"Go Crazy" is a song by American singer-songwriter Chris Brown and American rapper Young Thug, from their collaborative mixtape Slime & B, released on May 5, 2020. After it became the only charting song from the mixtape, it was officially released as a single on May 19, 2020. The song is a trap-infused R&B record, with production that samples the Showboys's 1986 single "Drag Rap", for which the Showboys are credited as writers.
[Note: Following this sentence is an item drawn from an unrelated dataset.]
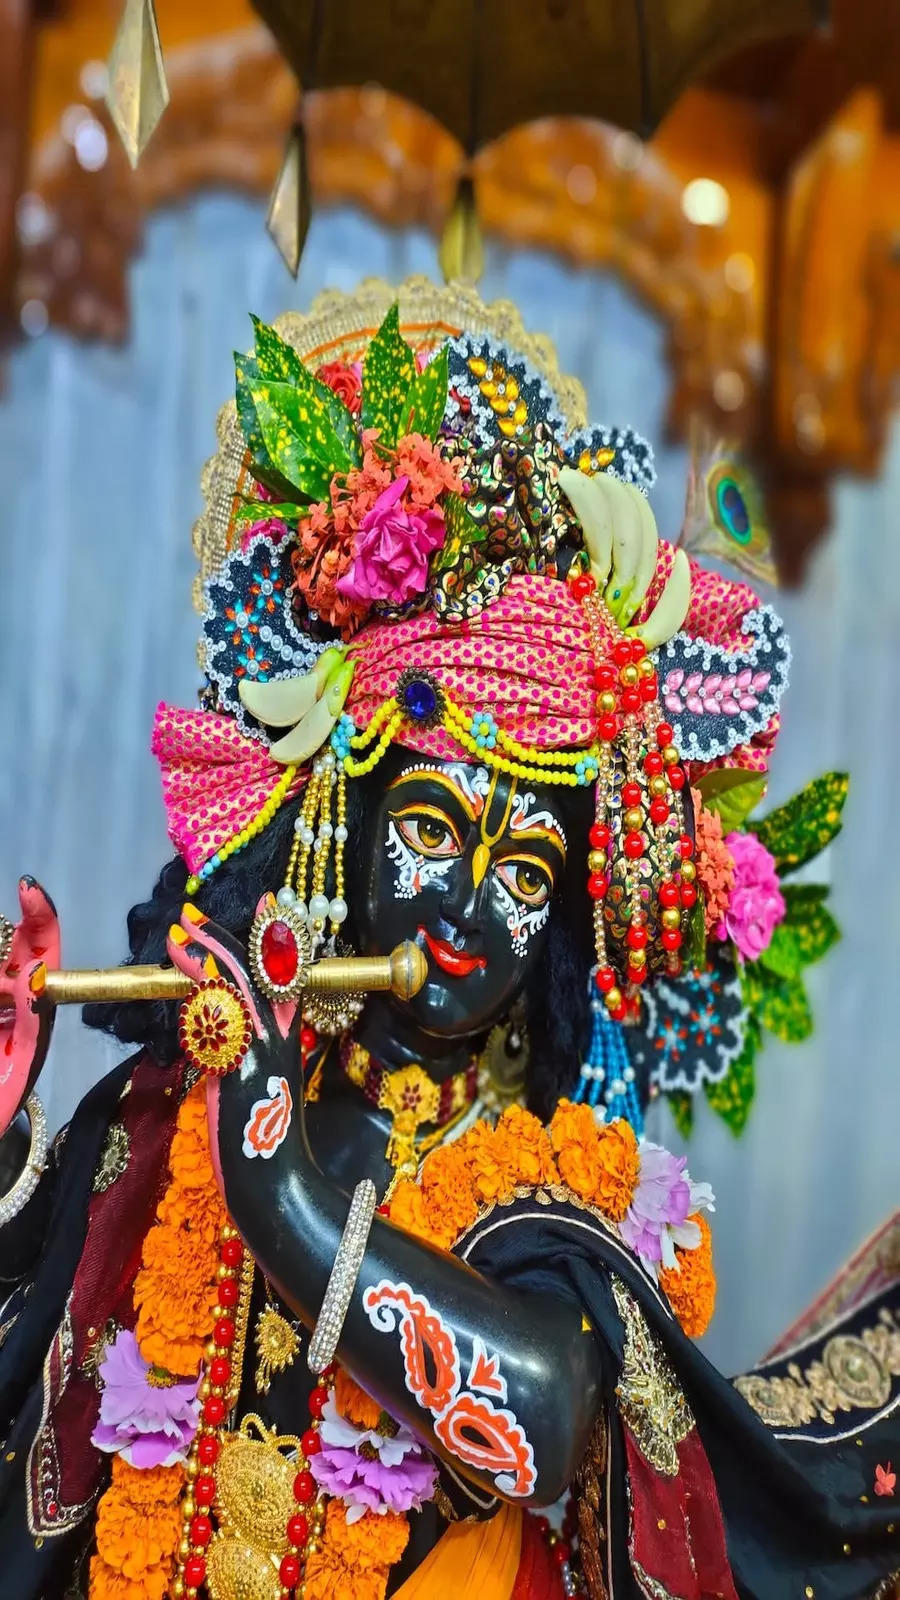 What are the benefits of chanting 'Hare Krishna Hare Krishna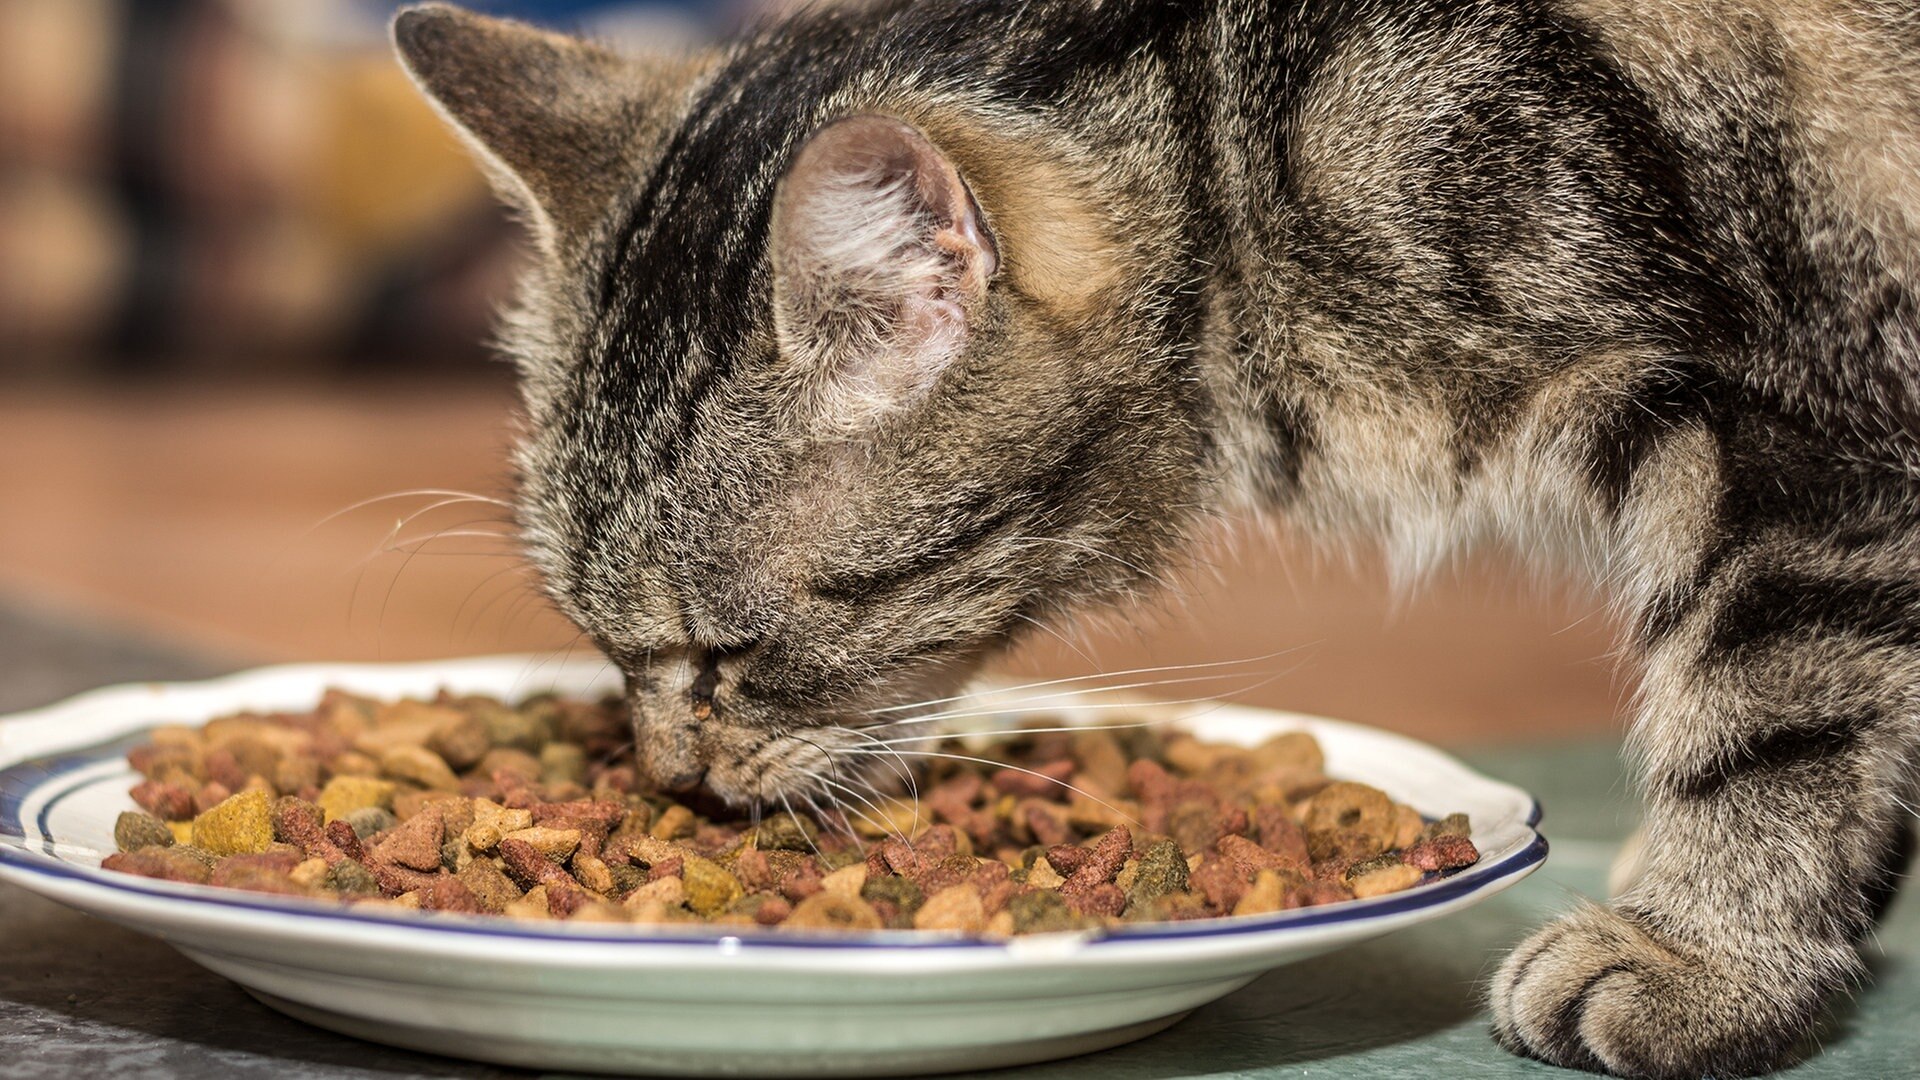 Gesundes Katzenfutter Auf Nahrstoffe Achten Ndr De Ratgeber Verbraucher

The official remix of the song was released on February 19, 2021, and features fellow American rappers Future, Lil Durk, and Latto.

"Go Crazy" garnered positive reviews from music critics, who complimented its production and the duo's delivery, being considered by some as the mixtape's best song. Some critics compared the song to early 2010s music, as well as Brown's previous single "Heat" (2019), for its similar musical direction. The song received great success, becoming Brown's biggest radio hit since 2008, dominating on both pop and hip hop radio, breaking the record for most weeks at number one on the R&B/Hip-Hop Airplay chart, surpassing "No Guidance", by Brown (ft. Drake). The song peaked at number three on the Billboard Hot 100 in 2021, earning Brown his seventh top-five song as a lead artist, as well Young Thug's highest lead artist charting song in the US.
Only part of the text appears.